MrsHoarder Mon 26-Nov-12 20:03:52

I had an epidural because I couldn't cope. It was wonderful, and I would have needed serious pain killers later when they stitched me up anyway.

Note that the reason I was in so much pain was the same reason as why I needed further interventions and stitching, trying to avoid the cascade of interventions wouldn't have saved me from it.

NoMoreMarbles Mon 26-Nov-12 20:09:35

They stop you feeling all of that lovely pain...oh that was actually the upside for me grin

I went into my labour with no plan/expectations and took things as it came. I felt I needed a little extra help on top of the TENS machine and went with diamorphine and I felt like it helped.

Saying that persons amazing relief is another persons awful experience. You have to make the decision for yourself with yourself in mind...

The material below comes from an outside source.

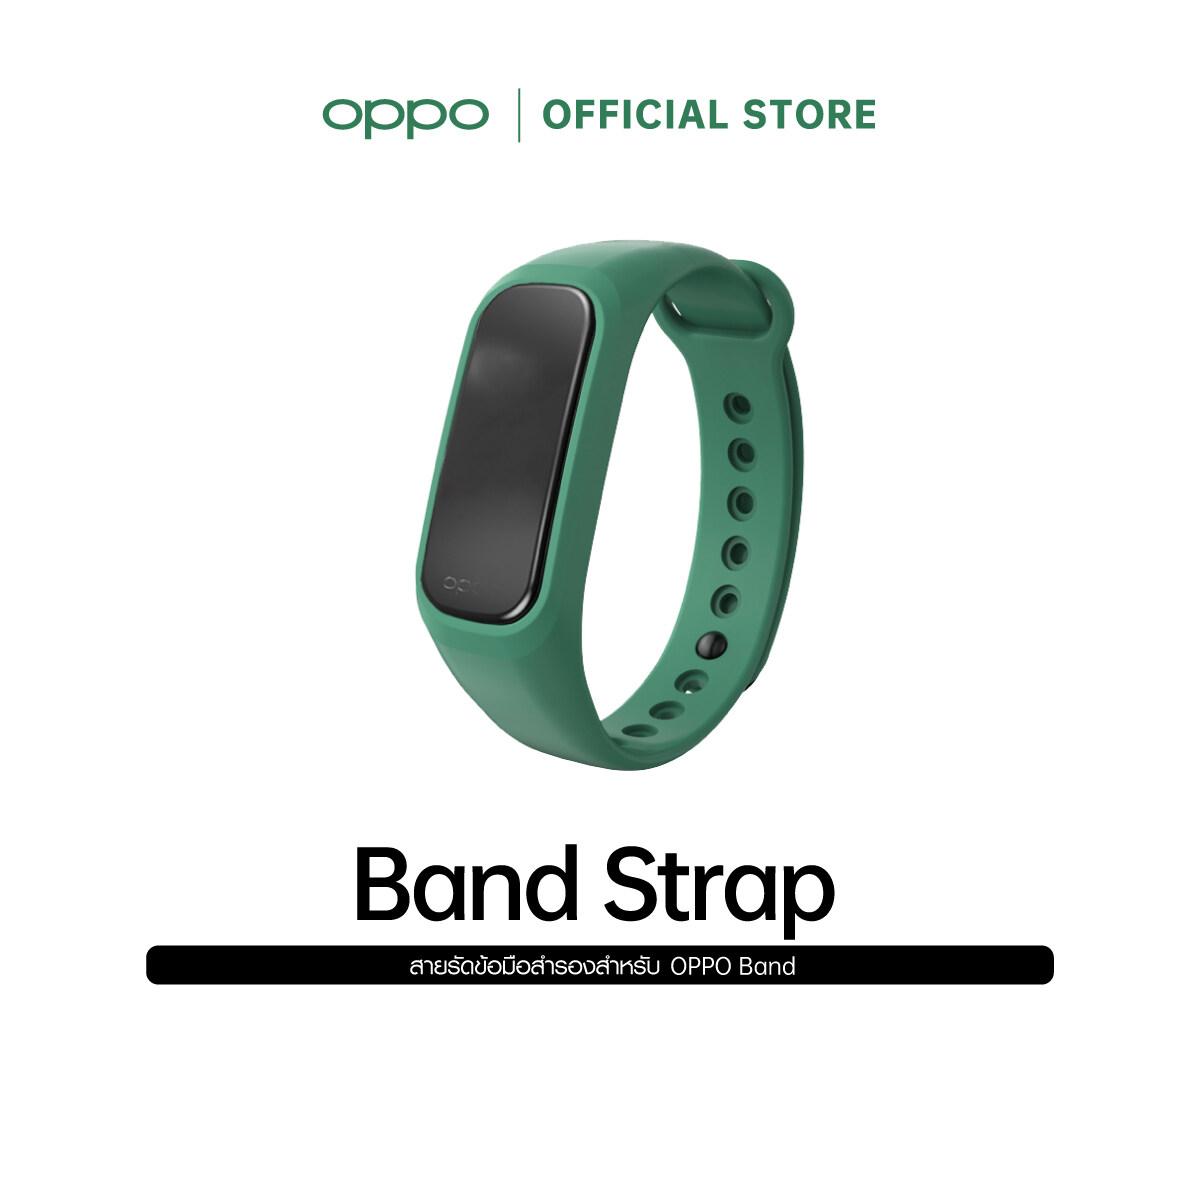 Band Strap สายรัดข้อมือสำรองสำหรับ OPPO Band *เฉพาะสายเท่านั้น*

mayhew Mon 26-Nov-12 20:19:31

: gas and air. Makes some people nauseous, though this usually gets better after 3 contractions. Can make you disinhibited to the point of hilarity, you may well enjoy this or be mortified (it wasn't called "laughing gas" for nothing). Not as effective if technique is wrong, might need some mw coaching. Much loved by the majority of UK mums.
: pethidine/ other opiates. Once its in you have to wait for it to wear off (2 hrs) , if you don't like the effect. Nausea, drowsiness, confusion. Crosses the placenta and sedates the baby. Some seem very affected, others not at all. About 25% say it gives great relief, 25% say it disappoints, 50% say some help.
: Epidural. Immobility even with the low-dose versions, you don't move much. Major medicalisation with IV, monitor, catheter, BP checks. 50% chance of instrumental if vaginal birth due to loss of pelvic floor tone, immobility and weakened urge to push. Wears off in 2-6 hrs. Small chance of temporary nerve damage (weakness, numbness), very small chance of permanent nerve damage. Small chance of pressure sore from immobility.

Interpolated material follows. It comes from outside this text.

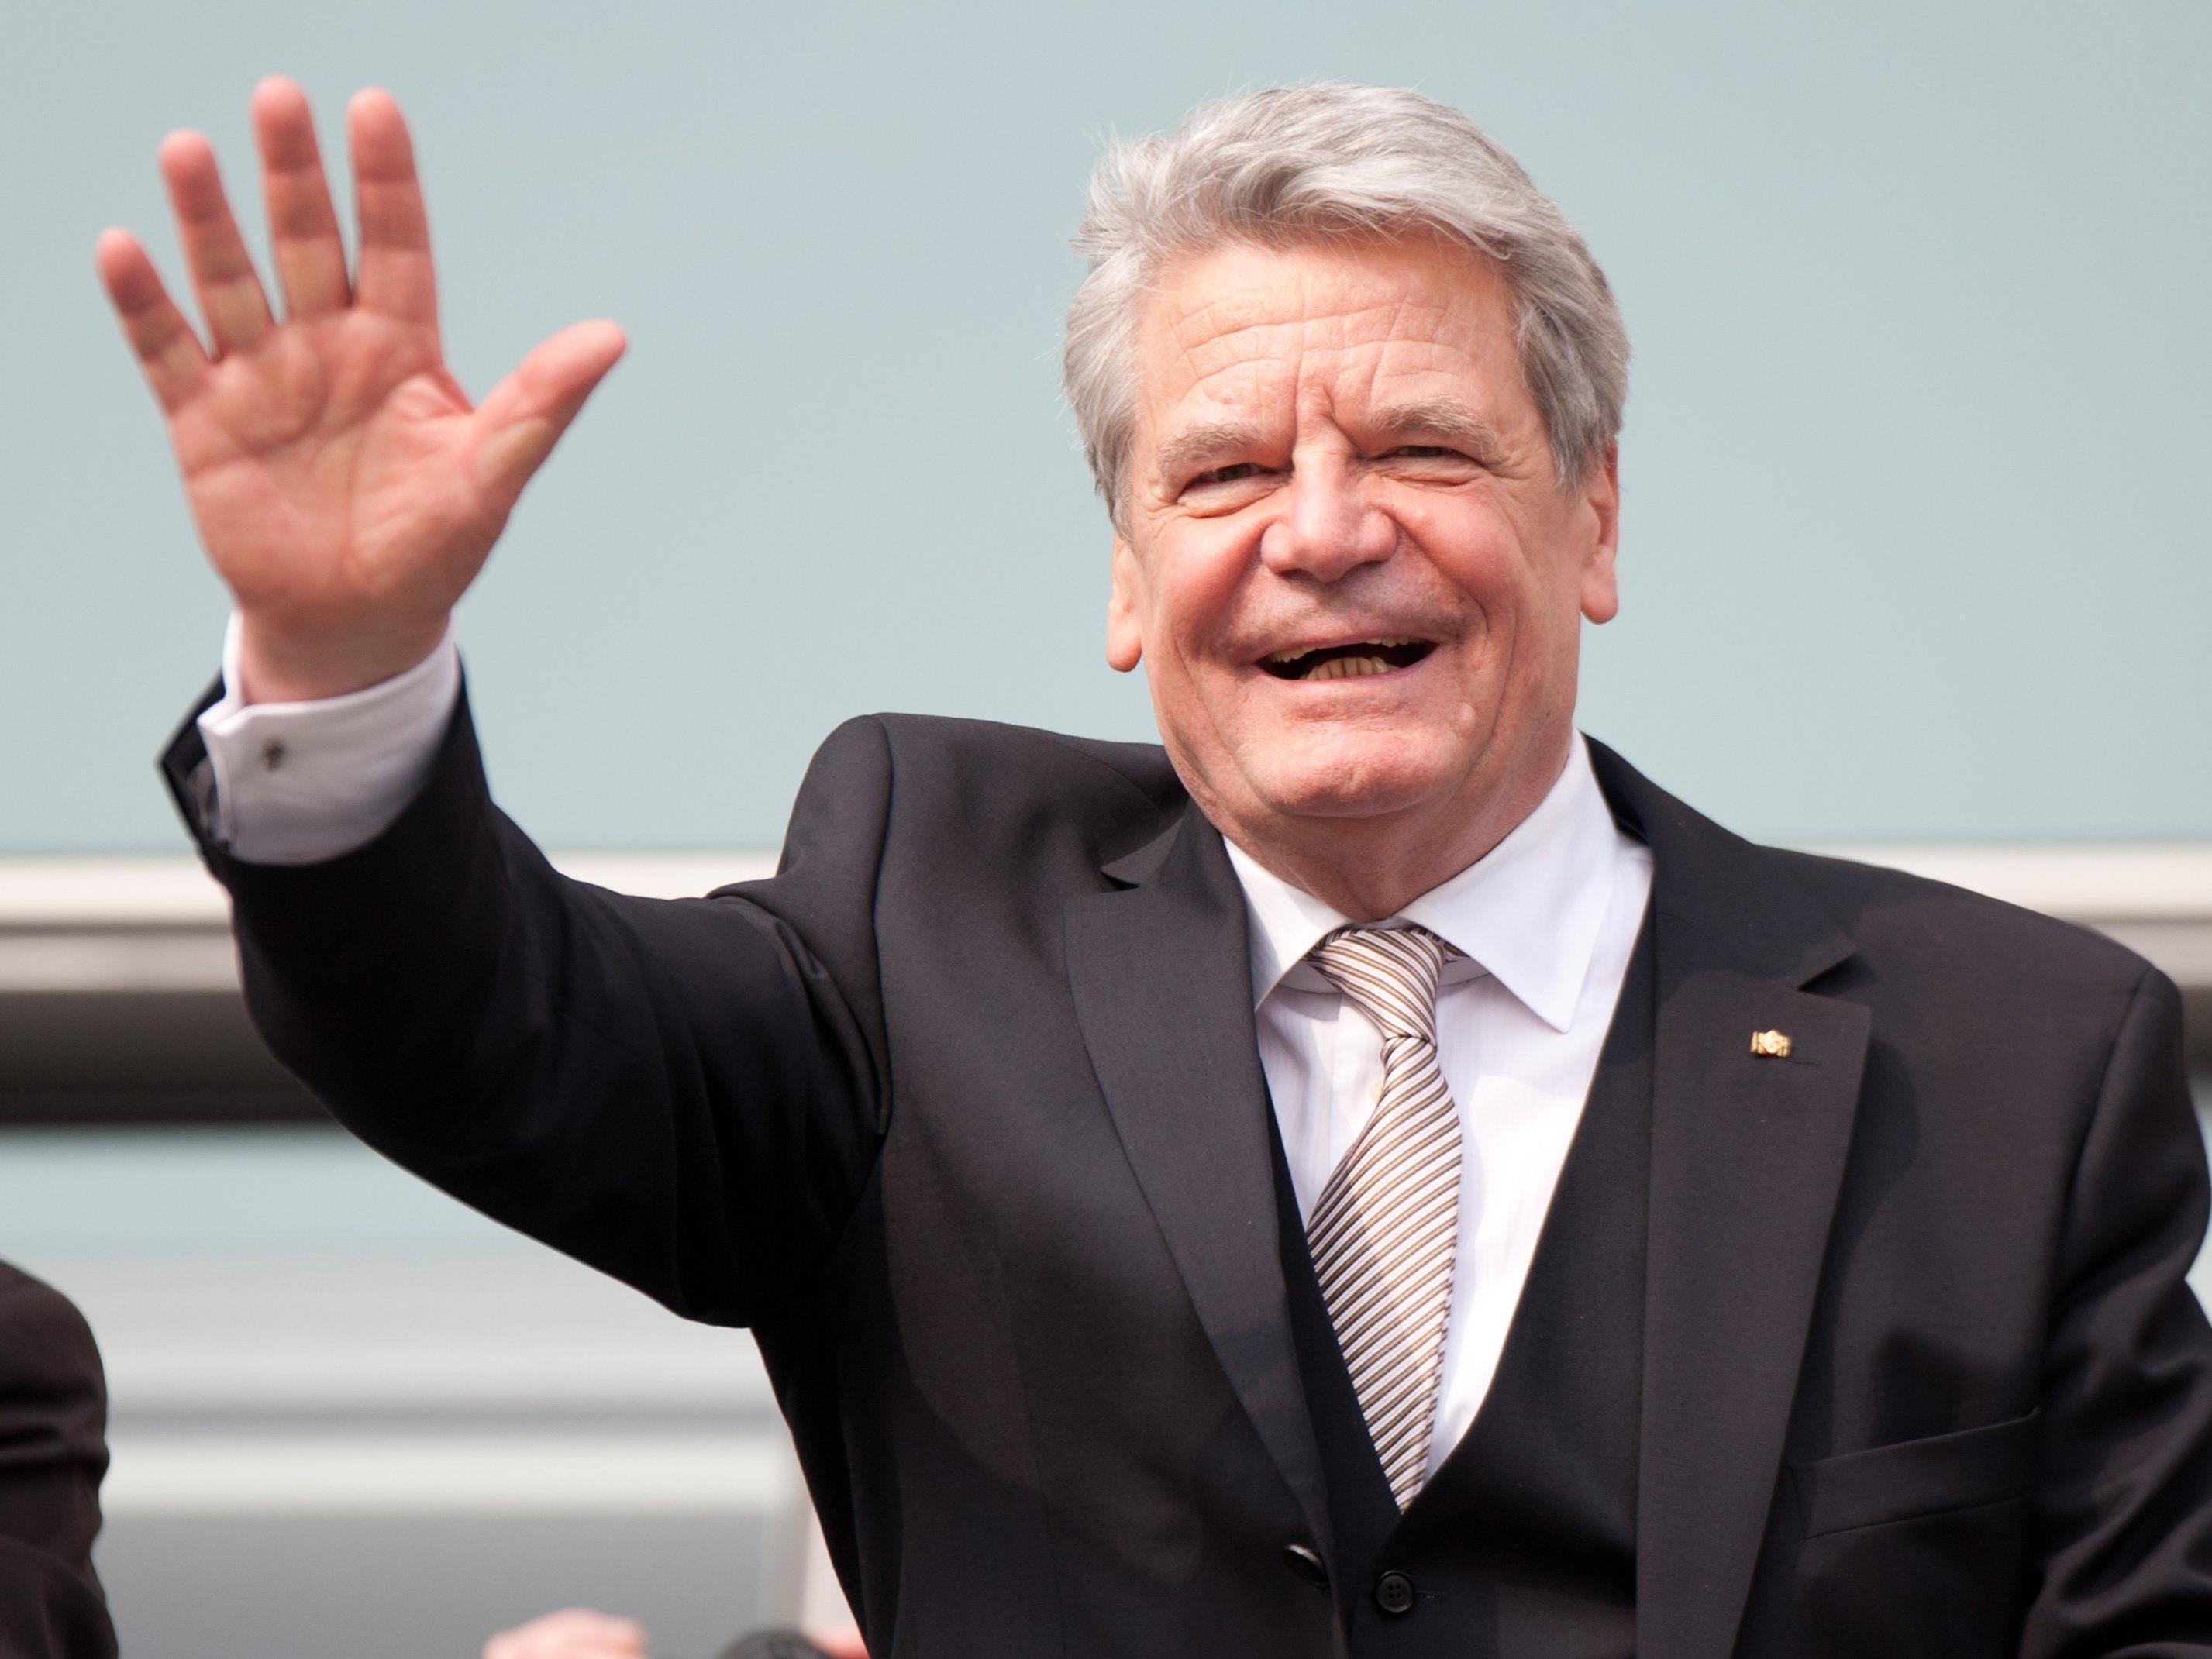 Gauks Gegenkandidatin Klarsfeld kam auf 126 Stimmen.

weeblueberry Mon 26-Nov-12 20:40:45

Thank you everyone. I admit I'm very unlikely to want an epidural (I mean, I'll want it but would rather avoid it grin) so it was mainly the pethidine I'm curious about.

Am really grateful to everyone who's responded smile

Rachel130690 Mon 26-Nov-12 21:04:42

I can't believe people are still offered pethidine, the hospital I went to stopped using it years ago as research found it did nothing to help with labour pains and now they offer diamorphine, which is amazing.

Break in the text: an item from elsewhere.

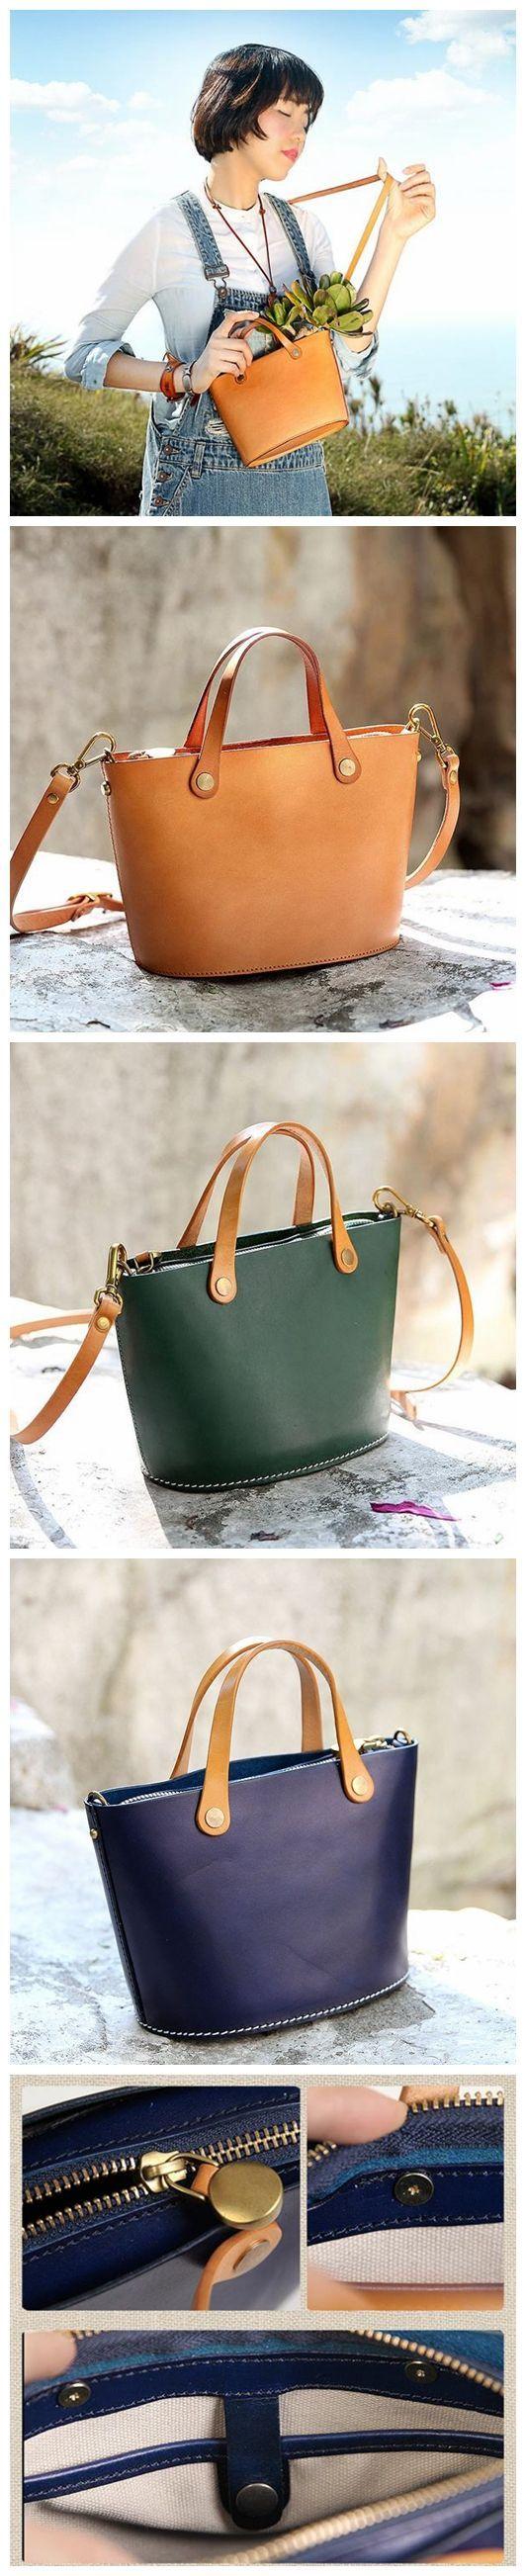 Handmade Natural Blue Leather Handbag Messenger Bag Small Satchel 15020

Wolfiefan Mon 26-Nov-12 21:05:50

What starlight said!

ellangirl Mon 26-Nov-12 21:12:00

I had diamorphine with my first, only gas and air with my second. I was dead against having diamorphine again. It was good to calm me down but I hated that I felt too woozy to stay mobile and ended up lying on the bed on my back which I didn't want. There were no adverse effects on baby- I had it about 4 hours before he was born.

FergusSingsTheBlues Mon 26-Nov-12 21:14:38

With pethedine, i felt unable to even articulate how i felt which was horrible.
Epidural was desperately needed at 30 hours, but it was a real hindrance when it came to push.
I had a 37hr back to back labour, so i probably have a warped view, but just dont understand why anybody wouldnt take everything available. Before i had my baby i was determind to make it without drugs and very tough physically, so really, id say above all, dont put pressure on yourself. Its really not a competition. Downside to a bad labour experience can be post trauma issues, so do whatever it takes to make it easier for you.

baublesandbaileys Mon 26-Nov-12 21:16:46

Pethedine can make the baby sleepy and less instinctive so it doesn't turn into the correct positions during labour if it's not already in them. I didn't know that and had some even though my baby was in a bad position - of course it then stayed there and didn't move around to the correct position and I had a CS.

I've also heard that it can make for a sleepy baby after birth too, which can interfere with establishing feeding.

I won't be having pethedine in future

Welovecouscous Mon 26-Nov-12 21:18:19

Message withdrawn at poster's request.